Bioenergy crops are considered to have the potential for climate mitigation and socio-economic benefits owing to their capacity to sequester C and partially replace the consumption of fossil fuels. In this study, the effects on soil respiration of a recent conversion of arable land to high (H) and very high (VH) density short-rotation coppices (SRCs), as well as of agronomic treatments (fertilization with or without irrigation) and lane/row location, were investigated in an alluvial area in Italy. A survey of soil variability was carried out by collecting soil cores (0-60 cm depth) at 67 points to characterize surface and subsurface spatial distributions of pH, organic carbon, nitrogen and carbonates and identify comparable points for monitoring soil respiration.

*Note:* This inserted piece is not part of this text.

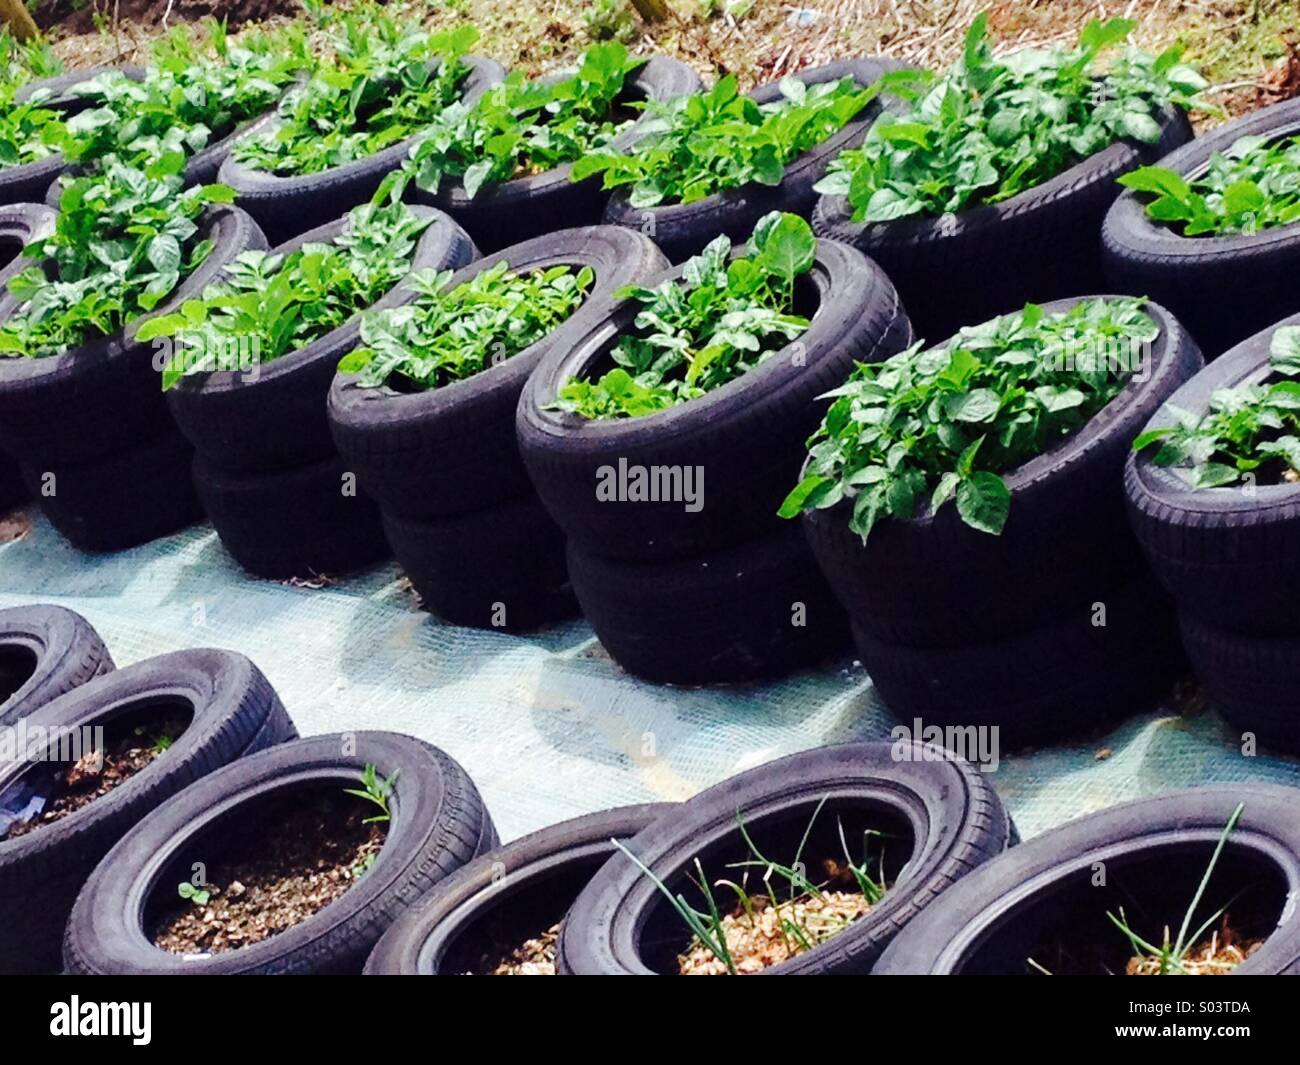 Kartoffeln wachsen im alten Auto-Reifen-Wannen Stockfotografie - Alamy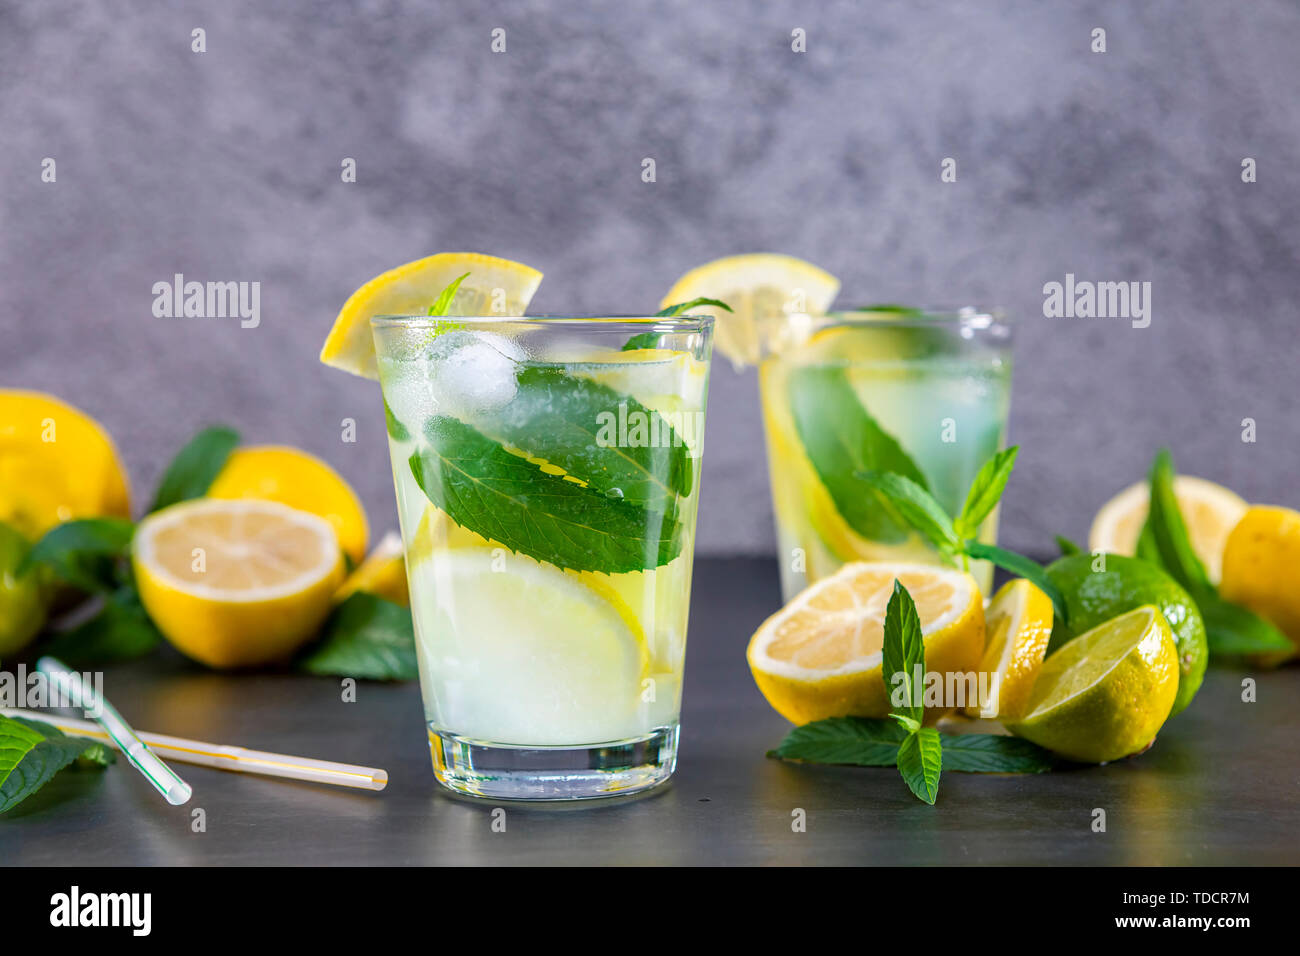 Rempli de limonade d'été à la menthe dans un verre sur un fond noir et gris. Se concentrer sur le verre. Banque D'Images

Soil CO2 emissions were monitored over the period April 2010-November 2011 at 27 locations covering the whole study site. The influence of land use (H-SRC, VH-SRC, corn and alfalfa) or treatments on soil respiration was evaluated considering both factors as fixed effects in a linear mixed model. Our results showed that (i) the high variability of soil properties even at small spatial scale has to be considered when selecting points for monitoring soil respiration in the field; (ii) the cumulative soil respiration over the study period at the VH-SRC was lower (1299 ± 30 g C m-2) than in croplands (1600 ±145 g C m-2) and higher along the rows than in the lanes; (iii) no significant differences in soil respiration were found between the H-SRC and corn field; (iv) two years after VH-SRC establishment, agronomic treatments did not appear to influence soil respiration; (v) land-use change affected the vertical soil organic carbon distribution and soil surface temperature, as reflected in soil respiration differences.